__Supplied material__:
◆ ◆ ◆ ◆ ◆
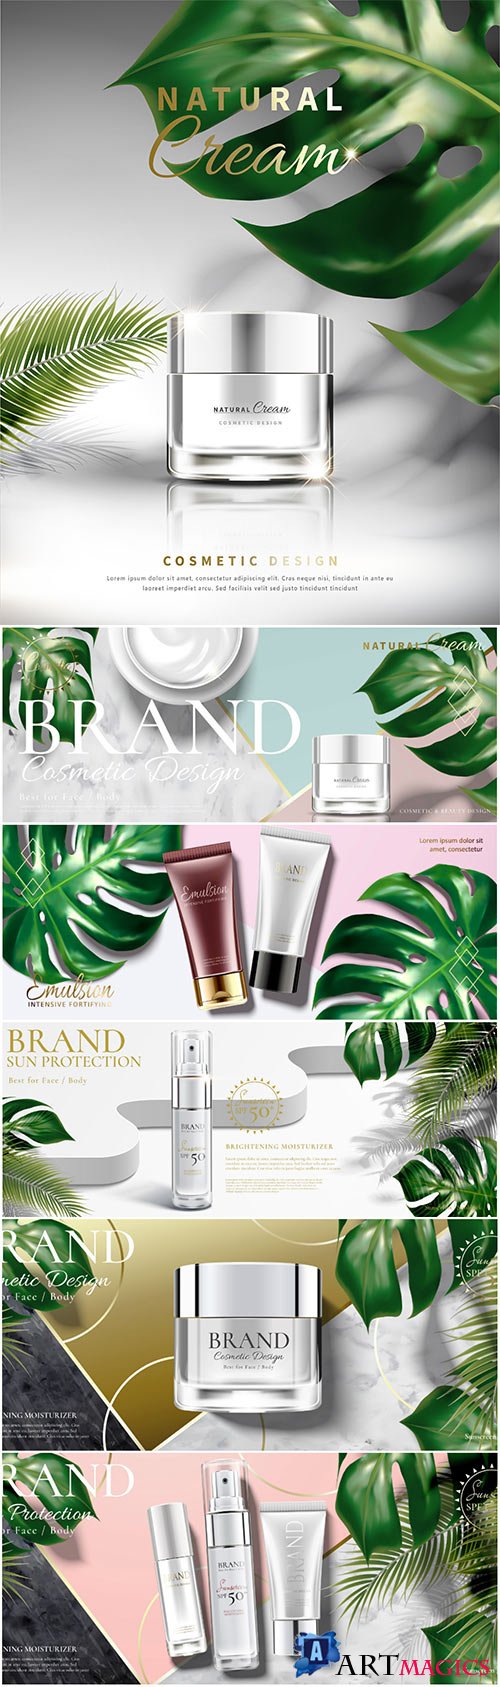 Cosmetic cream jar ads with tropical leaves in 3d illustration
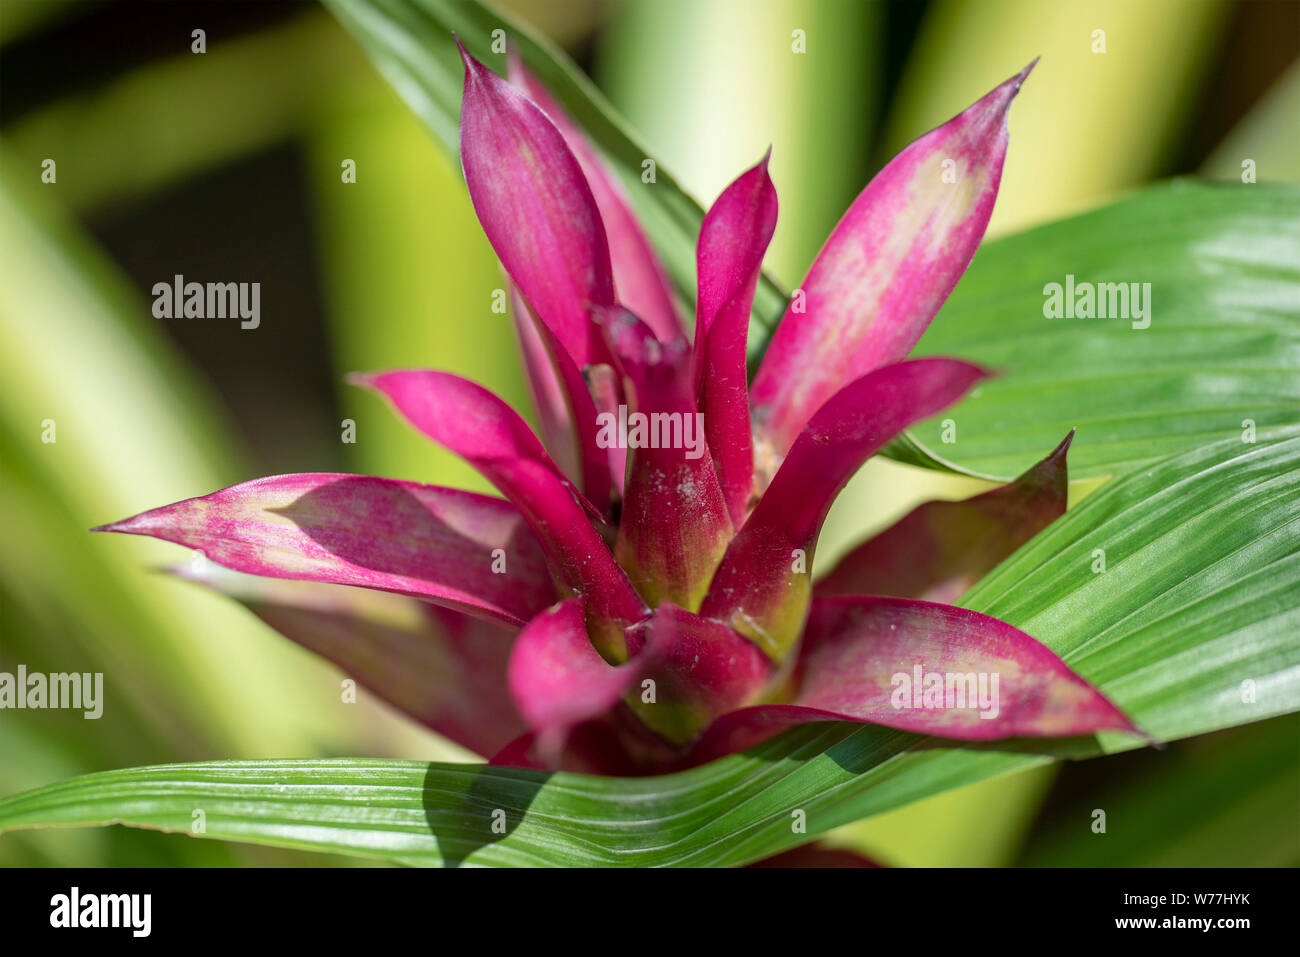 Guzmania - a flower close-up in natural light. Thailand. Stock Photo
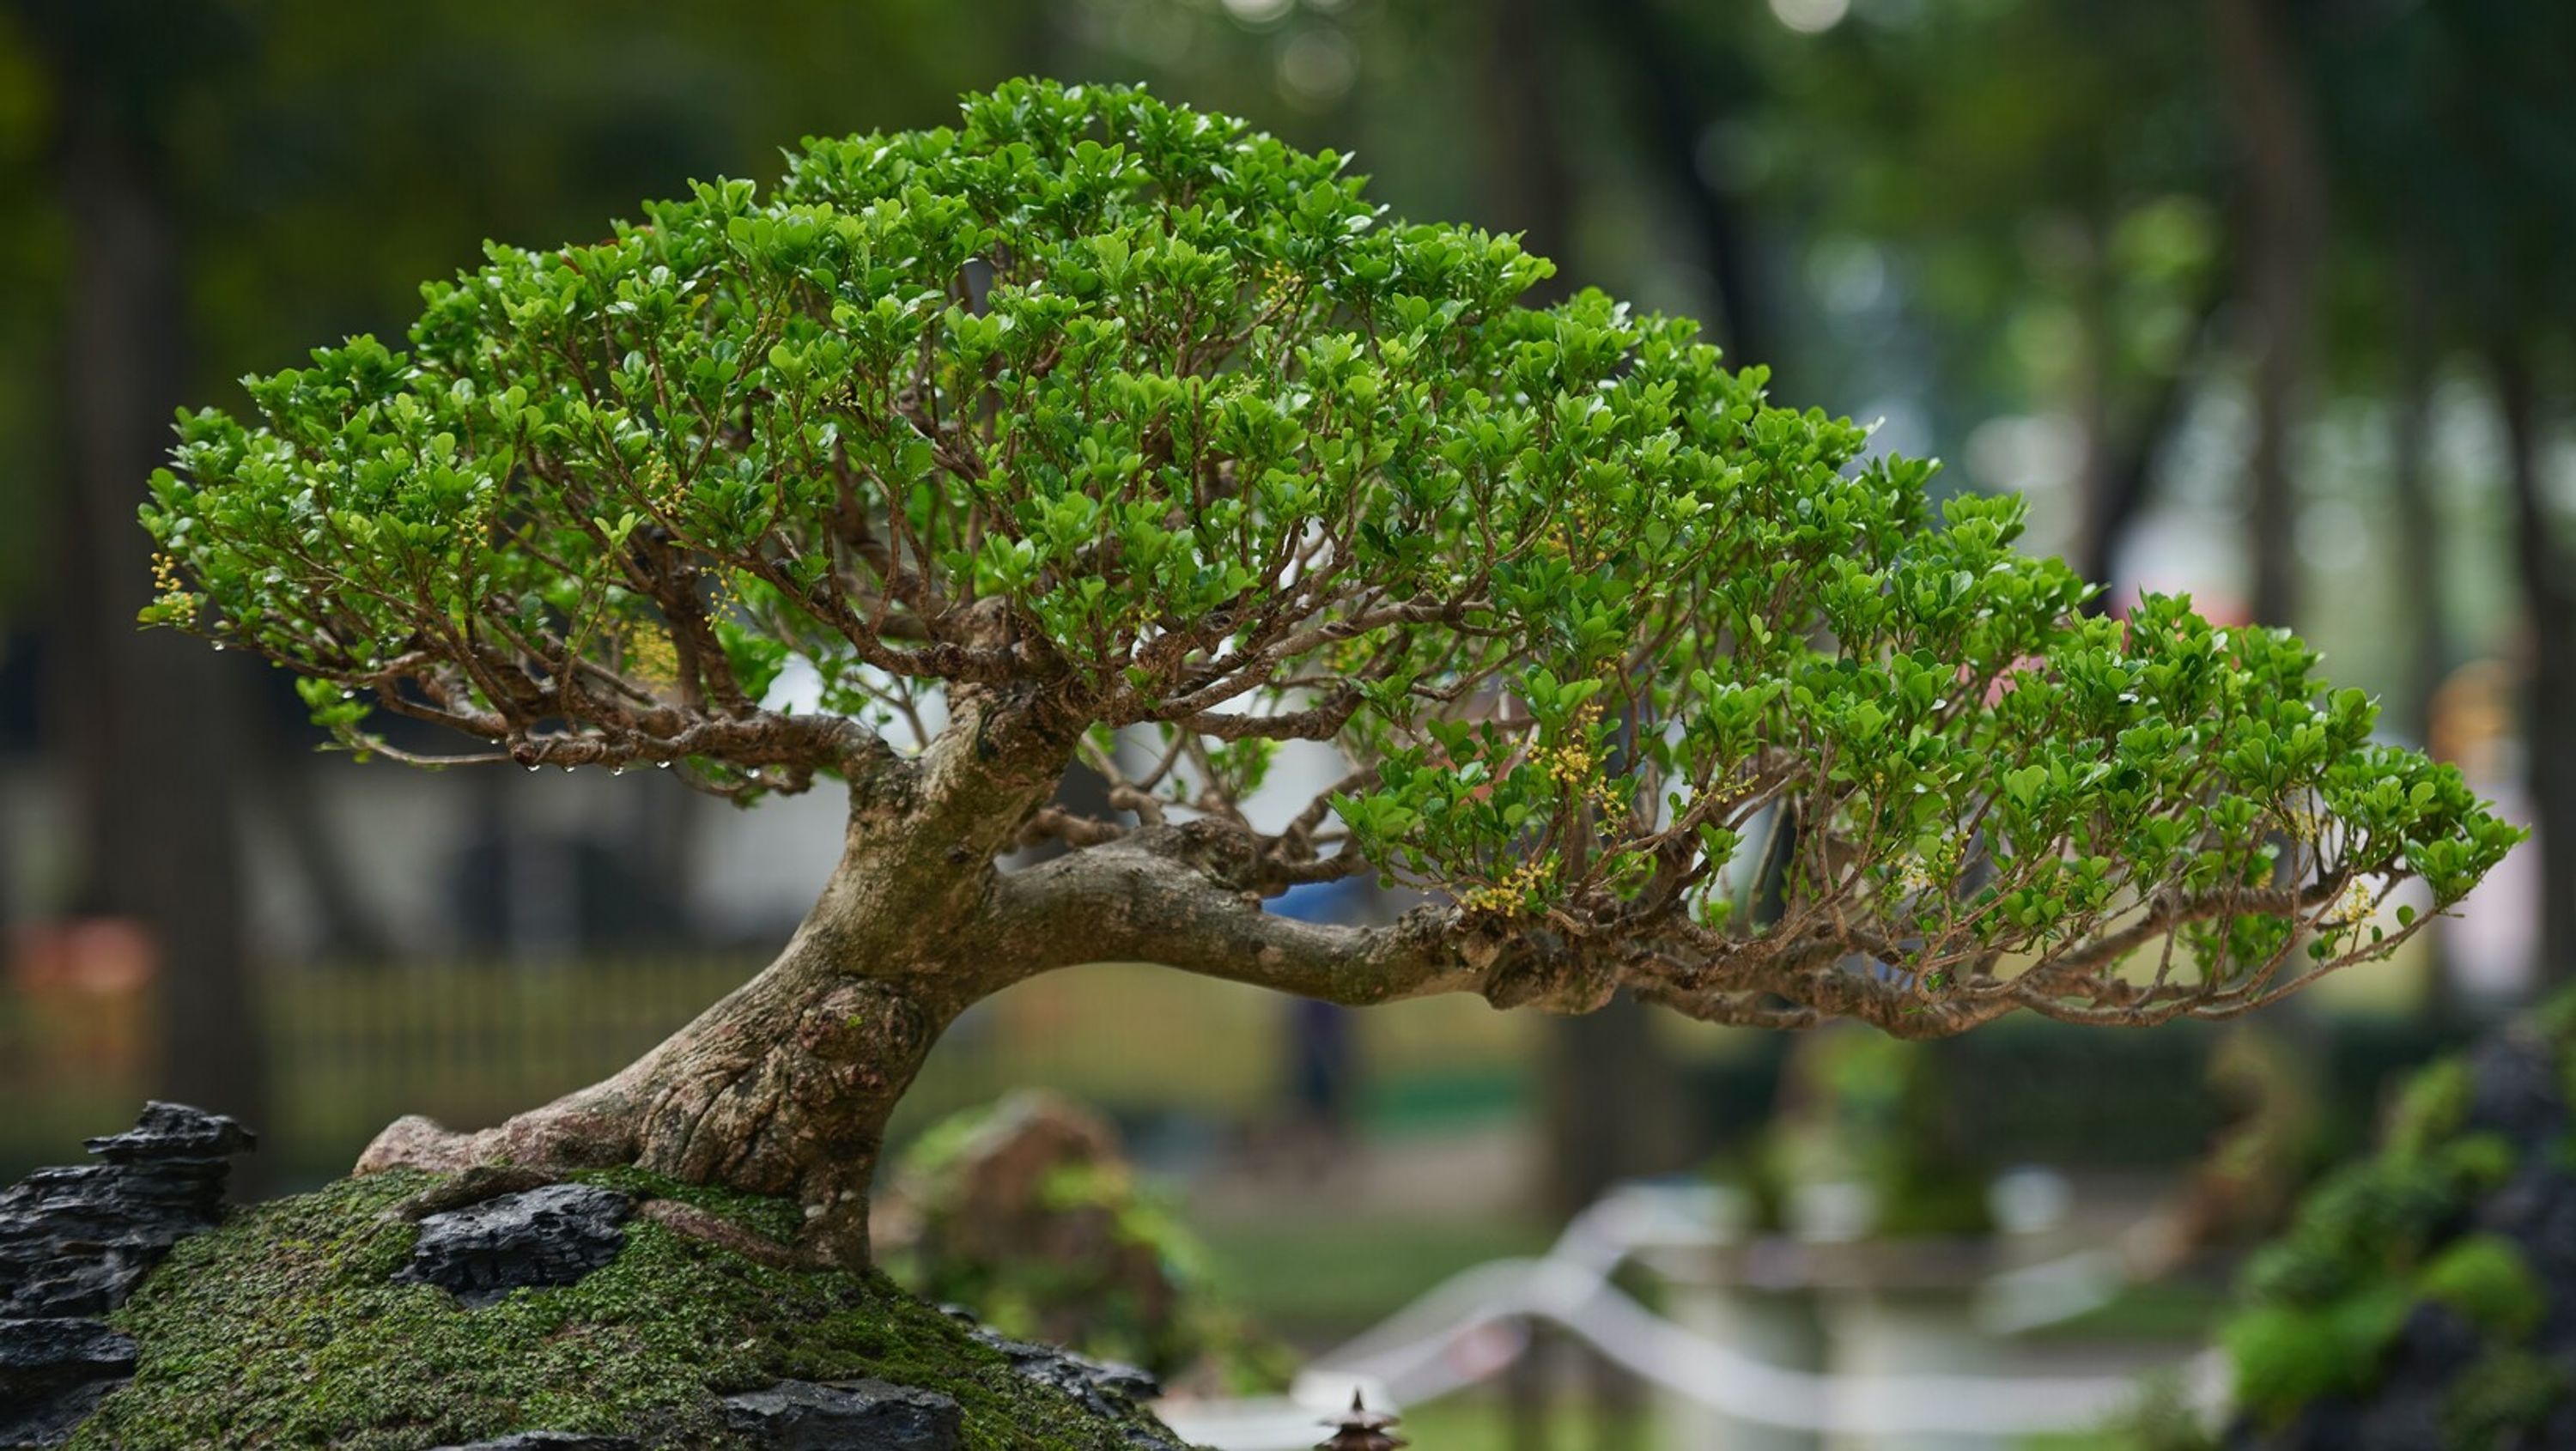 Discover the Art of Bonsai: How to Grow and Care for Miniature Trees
◆ ◆ ◆ ◆ ◆
__Exercise description__:
Give back an exact copy of only the lines from the one with "Guzmania - a" through the final line of the material, both included. Pictures do not belong in it.

__Answer space__:
 Guzmania - a flower close-up in natural light. Thailand. Stock Photo
 Discover the Art of Bonsai: How to Grow and Care for Miniature Trees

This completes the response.